3. The integrated circuit chip of claim 1, wherein one group between the plurality of first buffers and the plurality of second buffers selectively outputs the signal input to the selected buffers before the operation mode is set.

4. The integrated circuit chip of claim 3, further comprising:

a setup unit configured to set the operation mode in response to signals that are inputted through a portion of the plurality of buffers selected before the operation mode is set.

5. The integrated circuit chip of claim 3, further comprising:

a setup unit configured to set the operation mode in response to signals that are inputted through all of the plurality of buffers selected before the operation mode is set.

6. The integrated circuit chip of claim 1, wherein the integrated circuit chip is configured to operate in different speeds according to the operation mode.

7. The integrated circuit chip of claim 1, wherein the second buffers are inverter-type buffers, and the first buffers are amplifier-type buffers.

8. The integrated circuit chip of claim 1, further comprising:

a plurality of selectors configured to select outputs of the first buffers or output of the second buffers according to the operation mode.

9. A system, comprising:

a master chip;

a slave chip comprising a plurality of first buffers and a plurality of second buffers, wherein the plurality of first buffers are configured to receive signals of a higher frequency than the plurality of second buffers; and

a plurality of lines configured to transfer signals between the master chip and the slave chip,

wherein the master chip is configured to set an operation mode of the slave chip, and the slave chip is configured to select one group between the plurality of first buffers and the plurality of second buffers and receive the signals of the lines by using the selected buffers according to the set operation mode.

10. The system of claim 9, wherein the system is configured to be set in the operation mode during an initial operation of the slave chip.

11. The system of claim 9, wherein one group between the plurality of first buffers and the plurality of second buffers selectively output the signal input to the selected buffers before the operation mode is set.

12. The system of claim 11, wherein the slave chip further comprises:

a setup unit configured to set the operation mode in response to signals that are inputted through a portion of the plurality of buffers selected before the operation mode is set.

13. The system of claim 11, wherein the slave chip further comprises:

a setup unit configured to set the operation mode in response to signals that are inputted through all of the plurality of buffers selected before the operation mode is set.

14. The system of claim 9, wherein the system receives the signals that are transferred through the lines of a frequency that is different according to the set operation mode.
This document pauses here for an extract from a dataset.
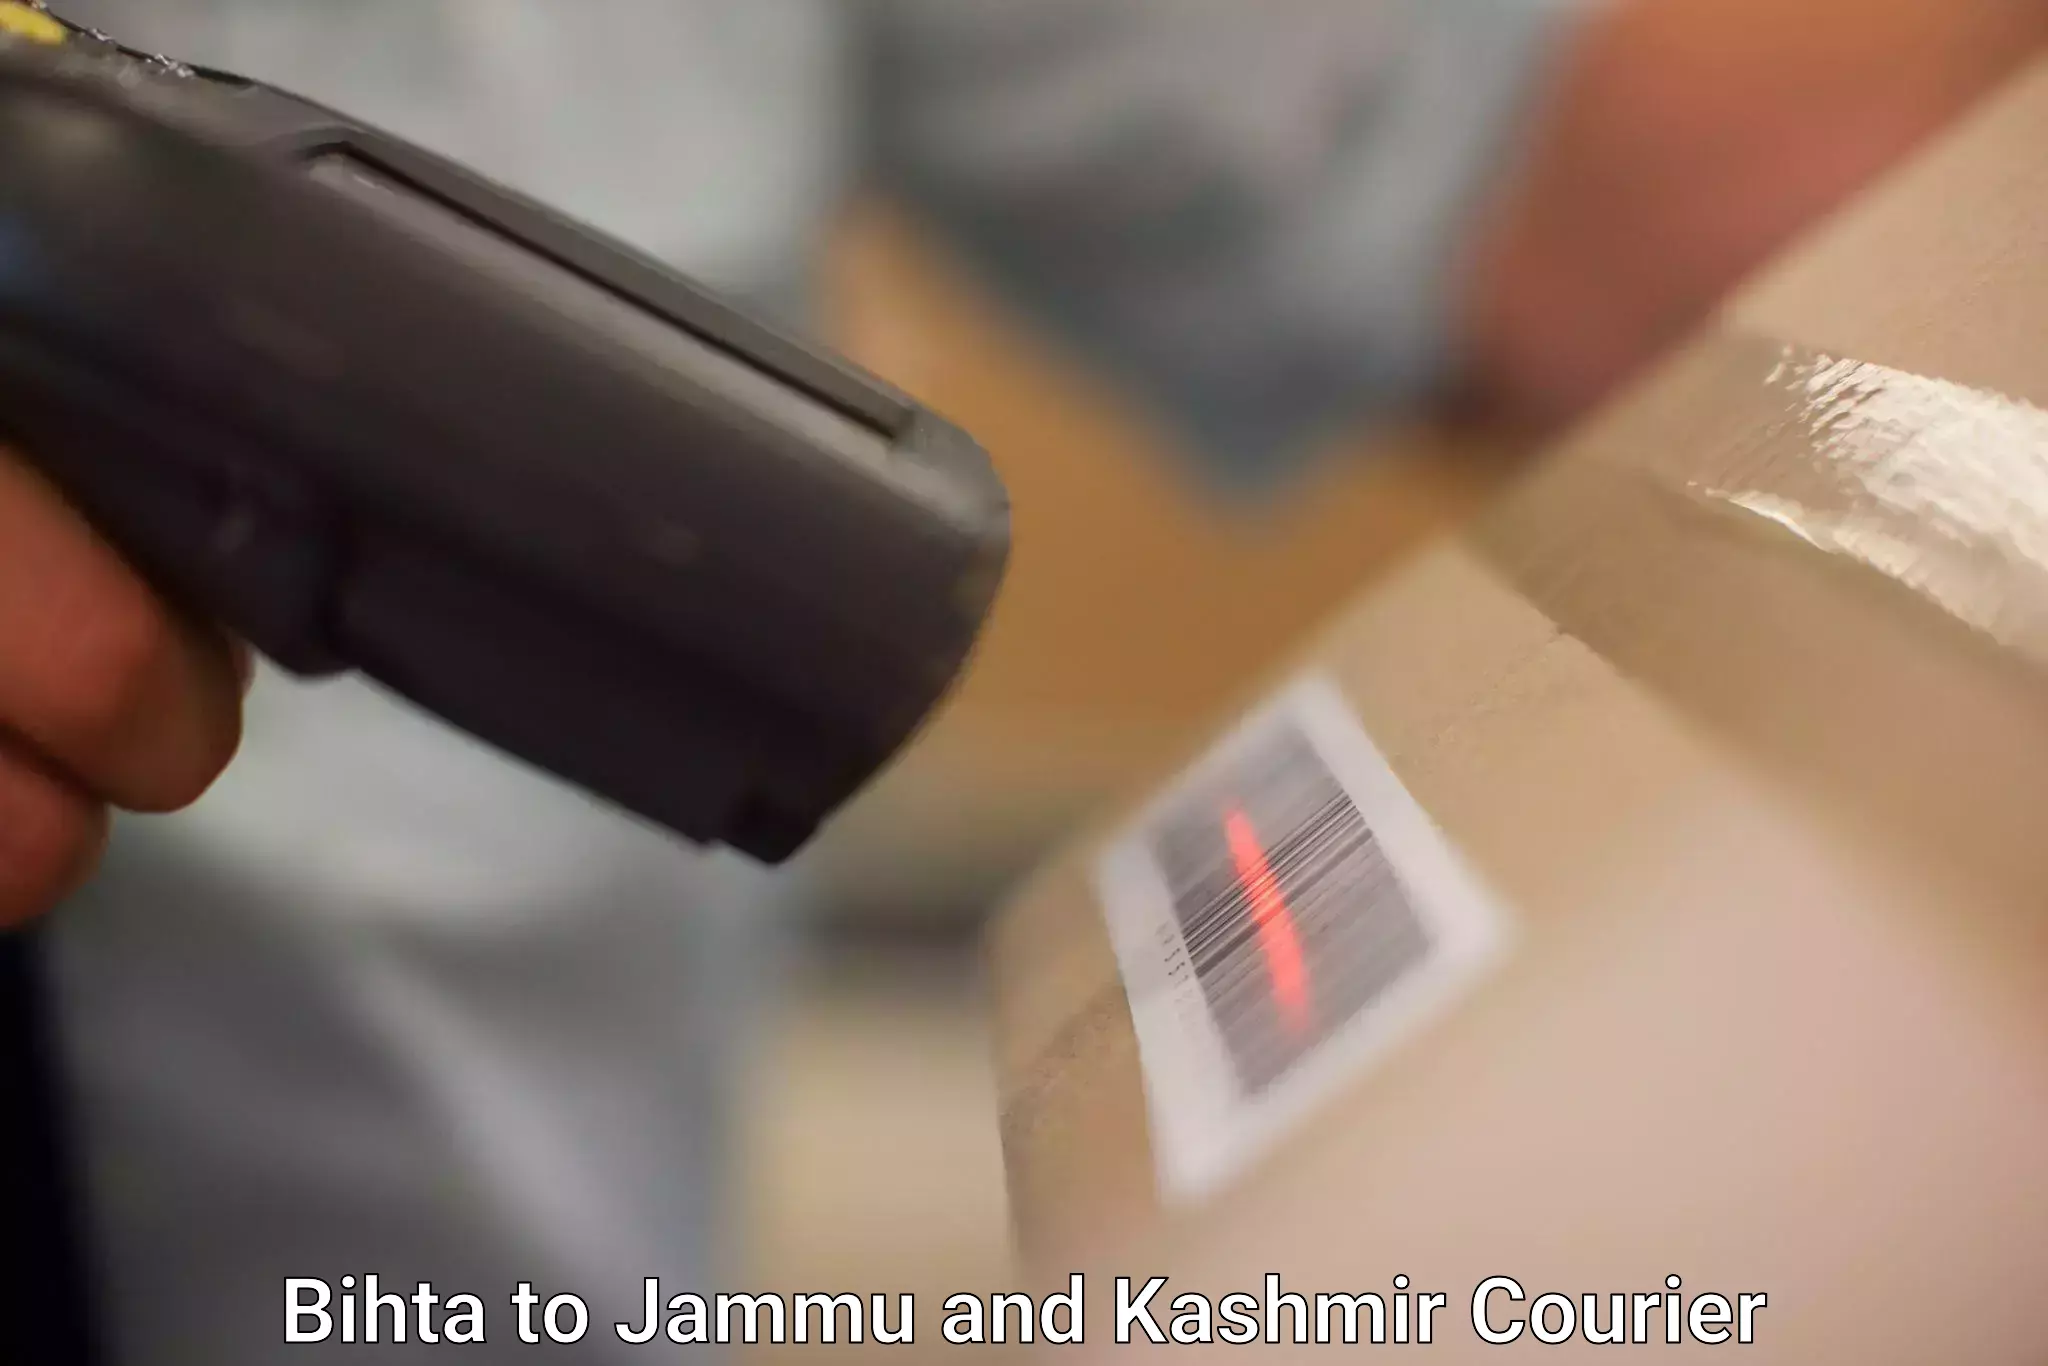 Quality courier services Bihta to University of Jammu

15. A method for operating a system including a master chip and a slave chip, comprising:

setting an operation mode of the slave chip by the master chip;

outputting a signal input to selected buffers that are selected between a plurality of first buffers and a plurality of second buffers in the slave chip in response to the operation mode;

transferring a plurality of signals from the master chip to the slave chip; and

receiving the signals in the slave chip by using the buffers selected in response to the operation mode,

wherein the plurality of first buffers receive signals of a higher frequency than the plurality of second buffers.
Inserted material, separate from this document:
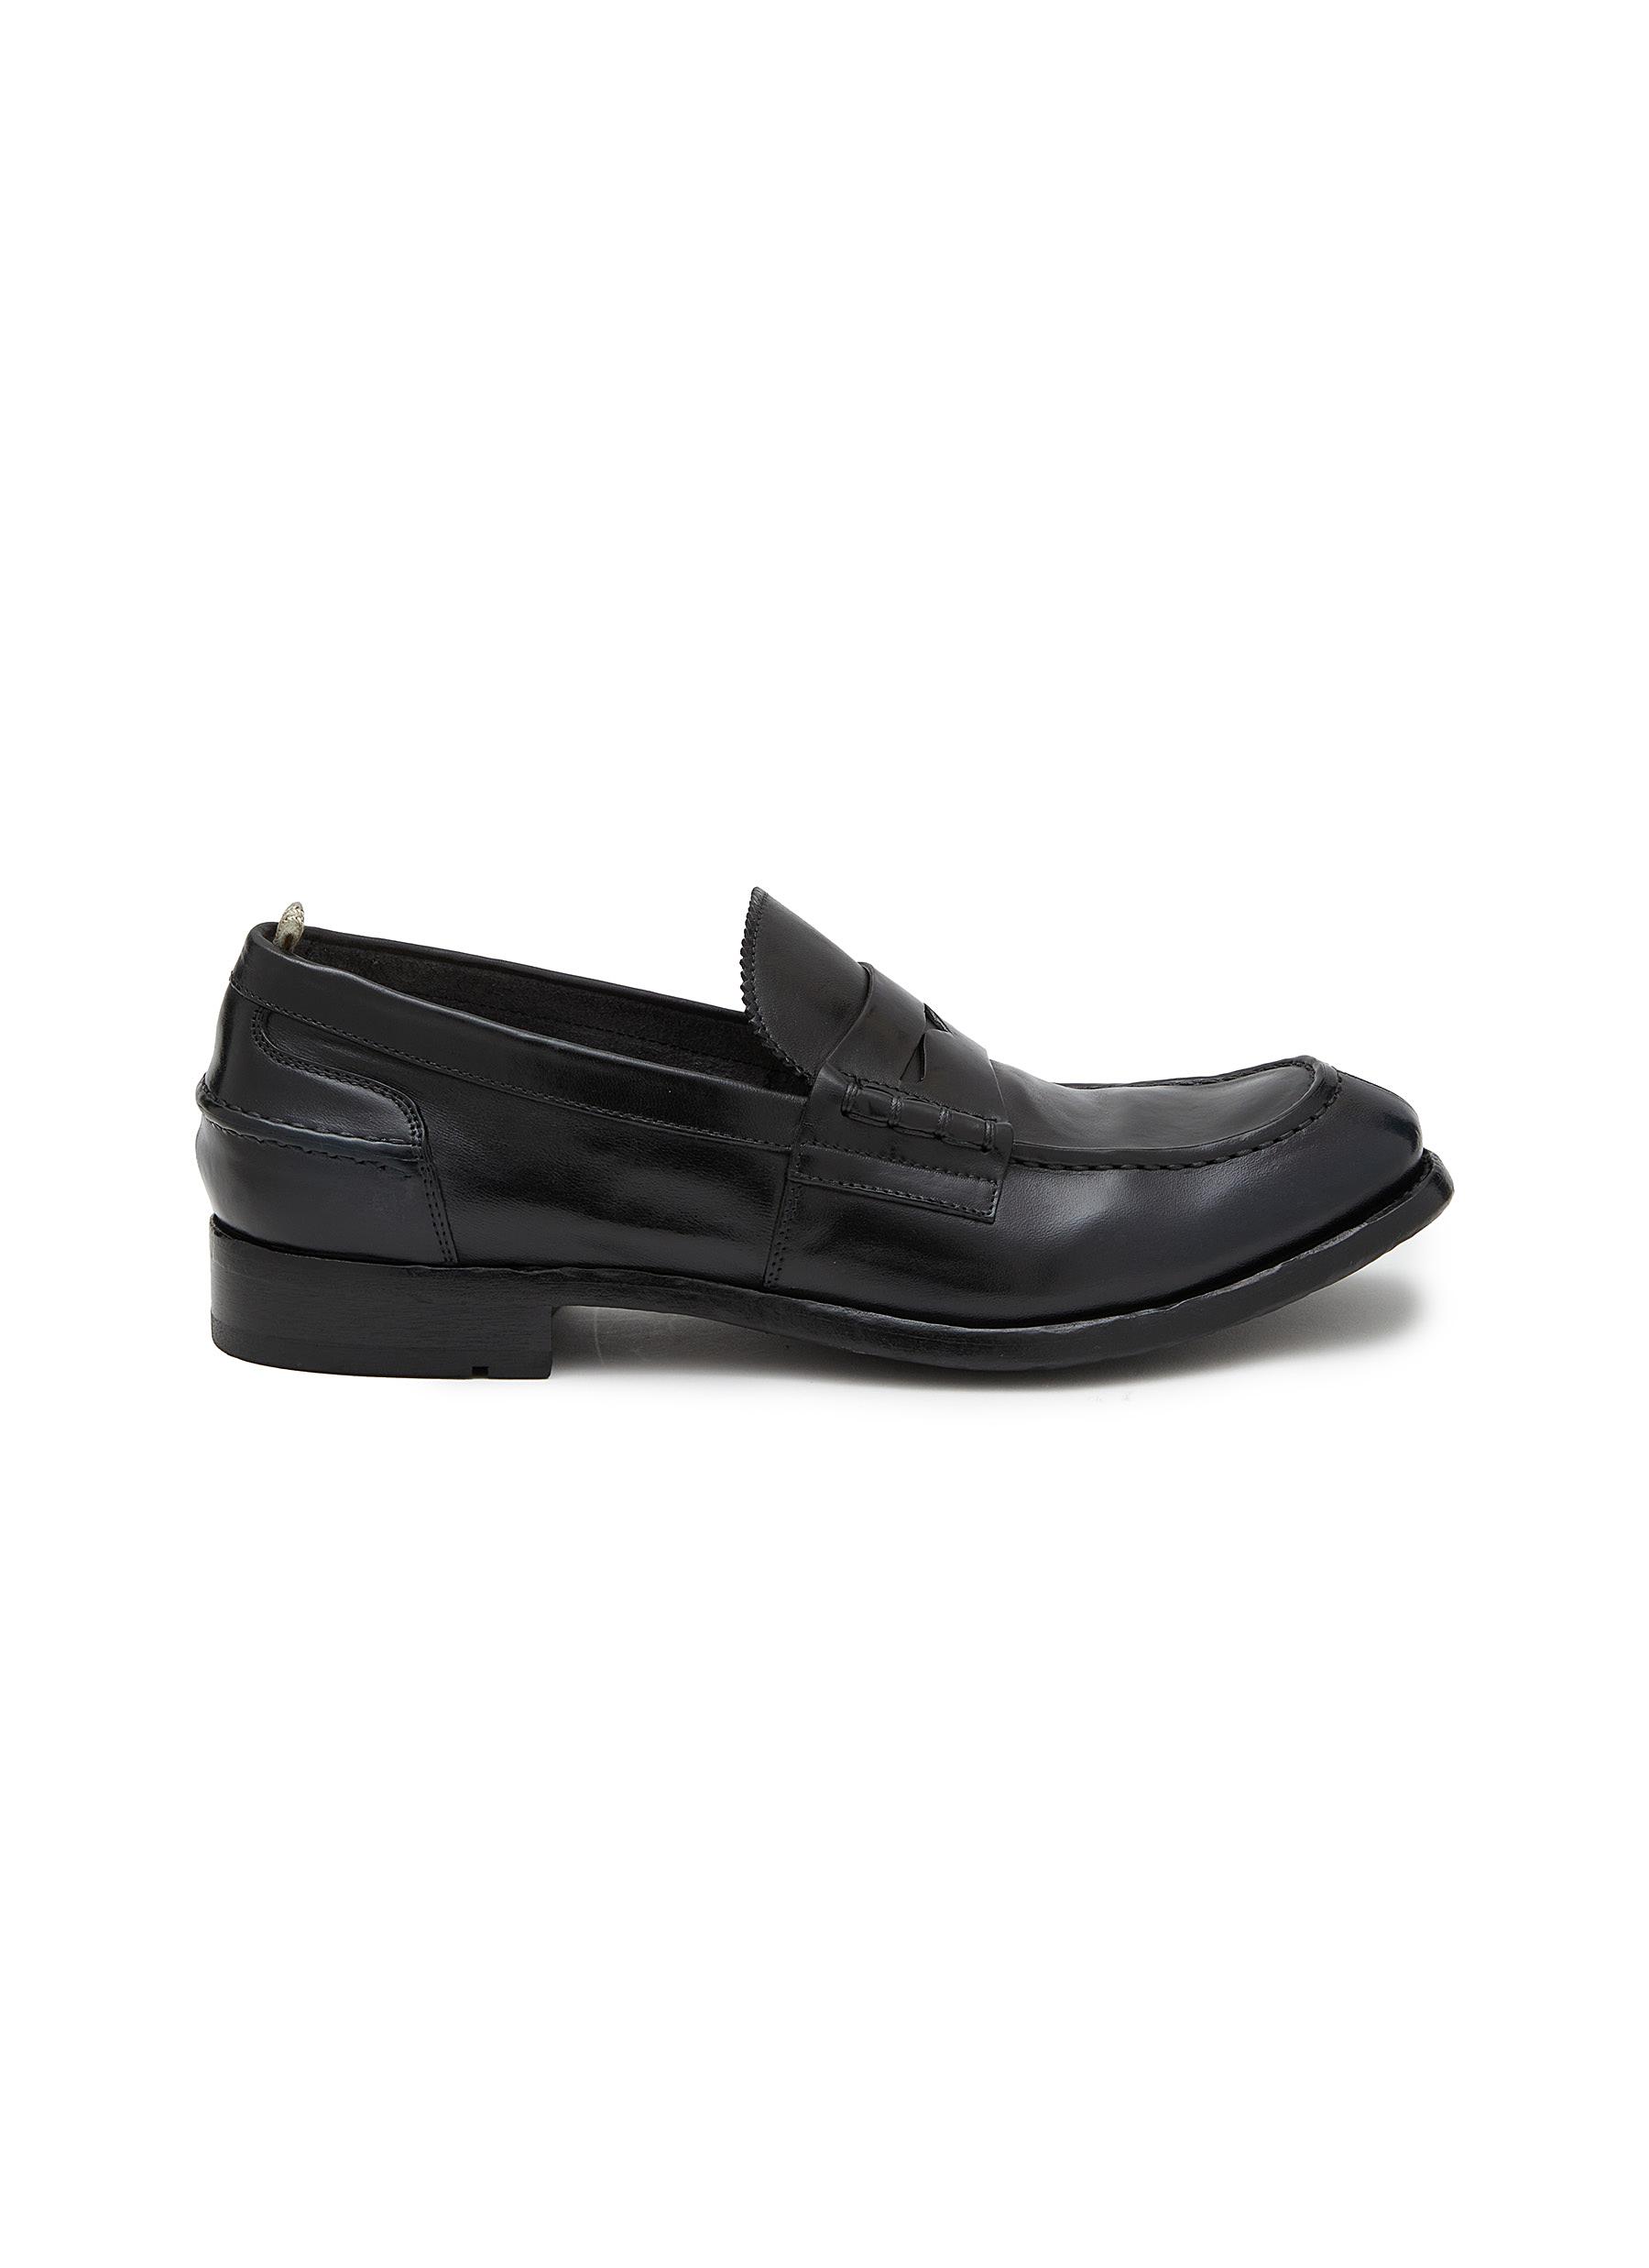 Balance 017 Leather Penny Loafers

16. The method of claim 15, wherein one group of buffers between the first buffers and the second buffers selectively outputs the signals input to the selected buffers before the setting up of the operation mode, and

the operation mode is set in response to the signal inputted through a portion of the buffers selected before the operation mode is set.
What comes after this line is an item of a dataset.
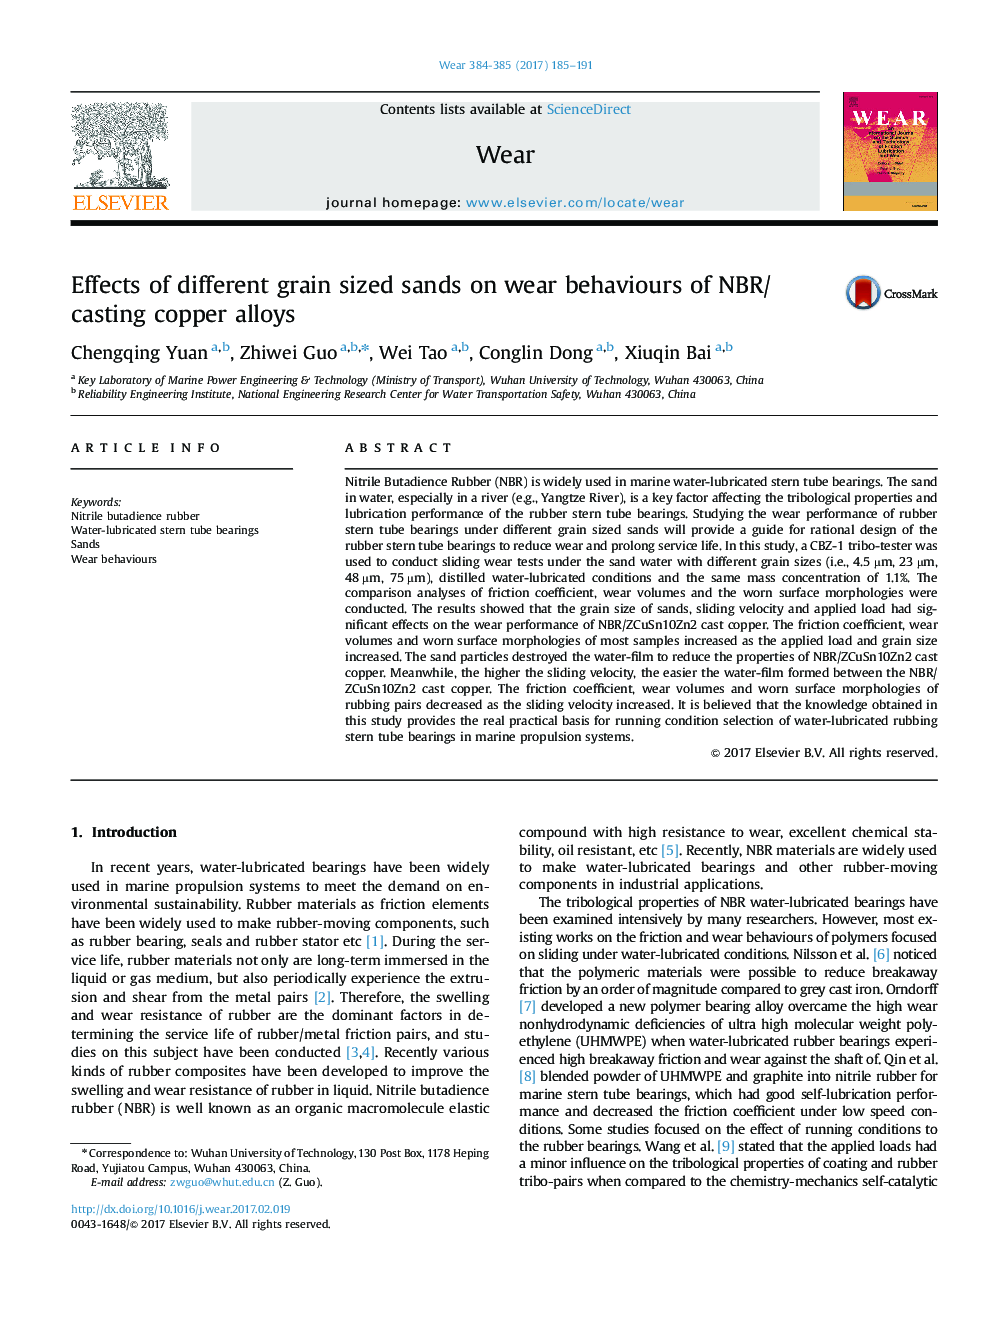 Effects of different grain sized sands on wear behaviours of NBR/casting copper alloys

17. The method of claim 15, wherein one group of buffers between the first buffers and the second buffers selectively outputs the signals input to the selected buffers before the setting up of the operation mode, and

the operation mode is set in response to the signal inputted through all of the buffers selected before the operation mode is set.

18. The method of claim 15, wherein a frequency of the signals transferred between the master chip and the slave chip is different according to the set operation mode.